While Plata O Plomo is largely powered by tracks geared toward the concrete jungle and musings of a hustler and a thug misses, the album's most riveting song arrive during its more tender moments. "Go Crazy," which features vocals from R&B singers Sevyn Streeter and BJ The Chicago Kid, contains a sample of Floetry's classic slow burner "Say Yes," and sees the two hard rocks smoothing things out with flirtatious musings geared to the opposite sex. "It's the don and Remy Revlon, believe I'm worth it/I got a nice set, oh they perkin'," Remy Ma purrs, showcasing her ability to turn on the sex appeal while simultaneously displaying her lyrical bite.

Switching up the tempo with The-Dream assisted "Heartbreak," a serviceable pop-friendly composition that could be a potential single from the album, Plata O Plomo continues to roll along, but its most addictive selection comes in the form of a Ty Dolla $ign collaboration, "Money Showers."

Produced by Cool & Dre, "Money Showers" is a standout that's geared towards the strip-club, with Fat Joe painting the scene, rhyming, "I make it rain on them hoes, I got that Amber vision/We in the back of the Rolls, her and Blac Chyna kissing/Give me a slice of the cake, I made it shower with dough/That's a whole lotta bread, you know it had to be Joe," while Ty Dolla $ign, who nearly steals the show from the two rappers, tackles the hook duties.

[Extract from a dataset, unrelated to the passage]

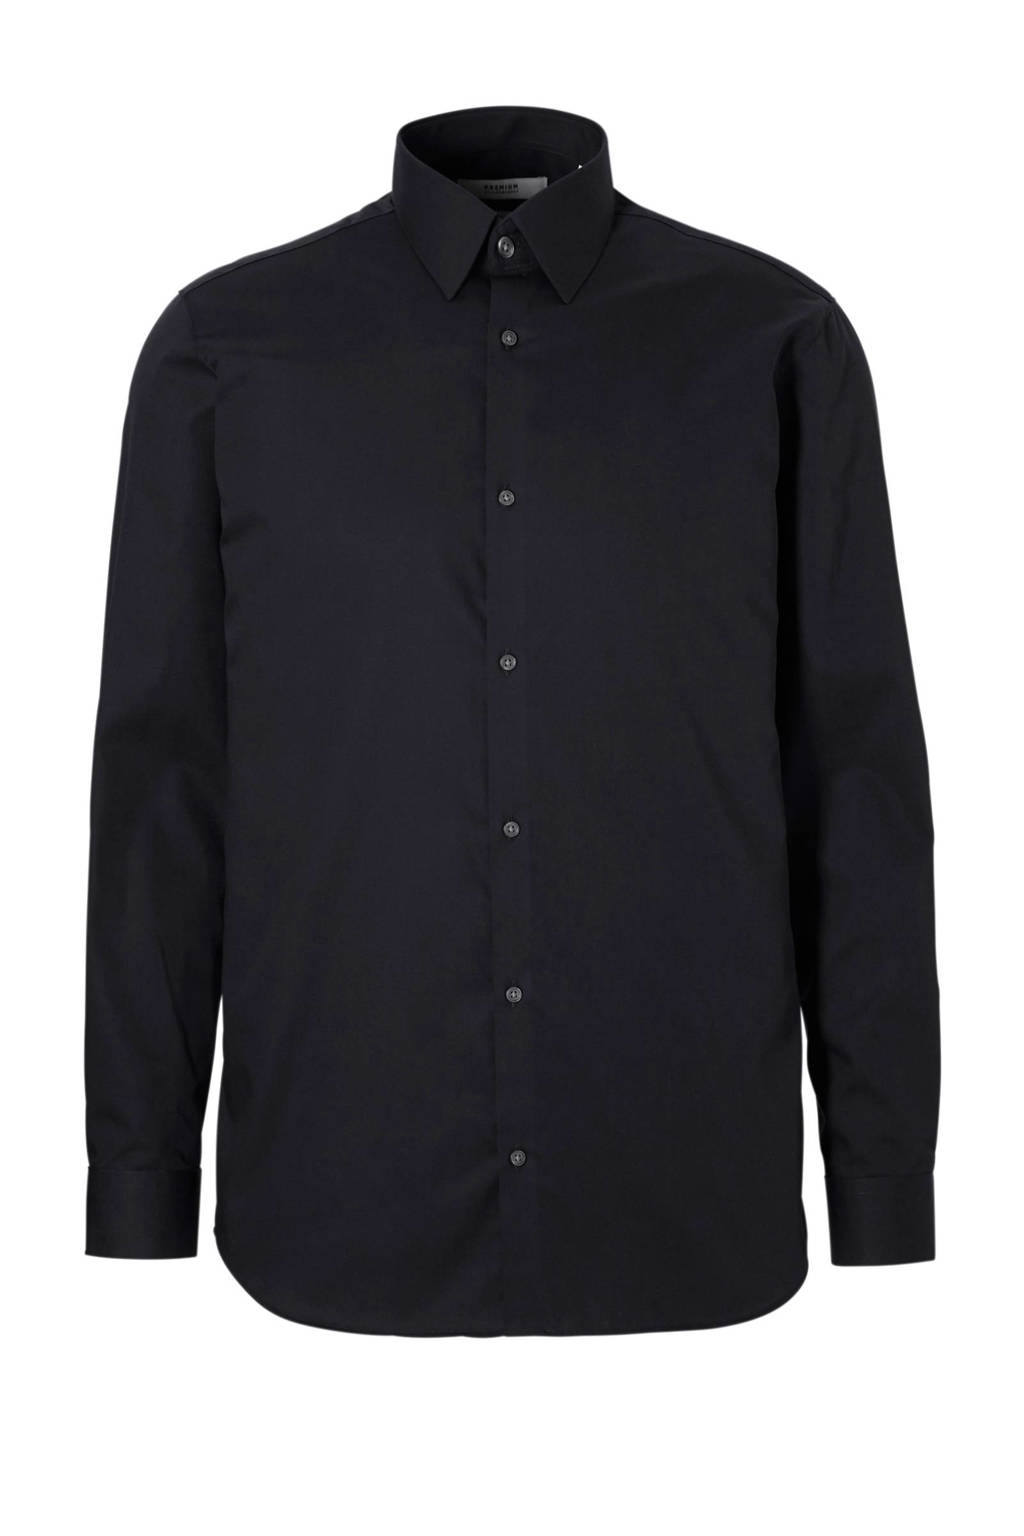 Overhemd Zwart Slim Fit.Jack Jones Premium Slim Fit Overhemd Wehkamp
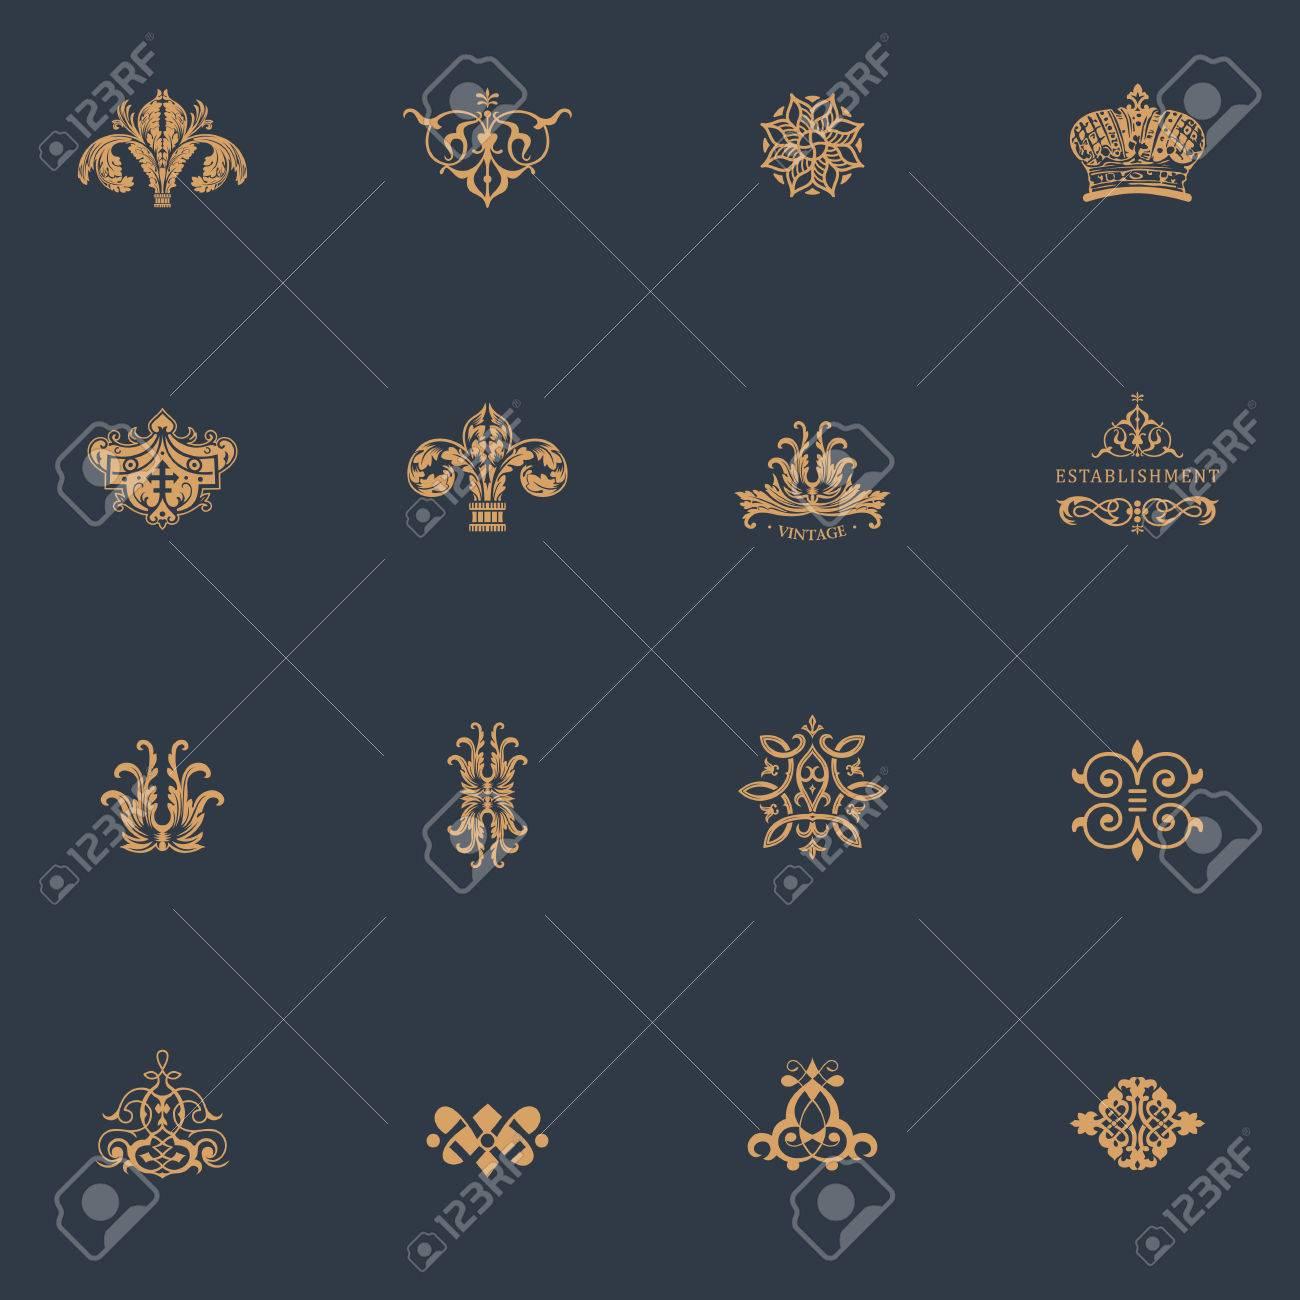 Luxury vintage logo set. Calligraphic emblems and elements elegant decor. Vector ornament for letter - 55350120

Although Remy Ma's verse slightly strays from the matter at hand, she still holds up her end of the bargain, completing the cipher with an efficient verse of her own that sees her invoking the name of her deceased mentor and playing dominatrix. Another offering from Plata O Plomo that stands as a highlight is "Too Quick," a sensual selection featuring vocalist Kingston that finds Fat Joe and Remy getting kinky and spewing sweet nothings over the ILL Wayno-produced track.

Plata O Plomo may be a collaborative effort, with equal billing, and Remy Ma comes with enough quotables to make her comeback to the scene an explosive one, but Fat Joe's presence and dominant performances throughout the album are apparent, a testament to his reputation as one of the most respected, but unsung veterans on the East Coast. While slight hiccups occasionally occur on Plata O Plomo, they are far and few between, as no clunkers are to be found throughout the album's 12 tracks, making it a smooth listen with a considerable amount of replay value.

With both touching on their experiences in the prison system and their rise to the top of the food chain, Plata O Plomo is a triumphant return for Fat Joe and Remy Ma.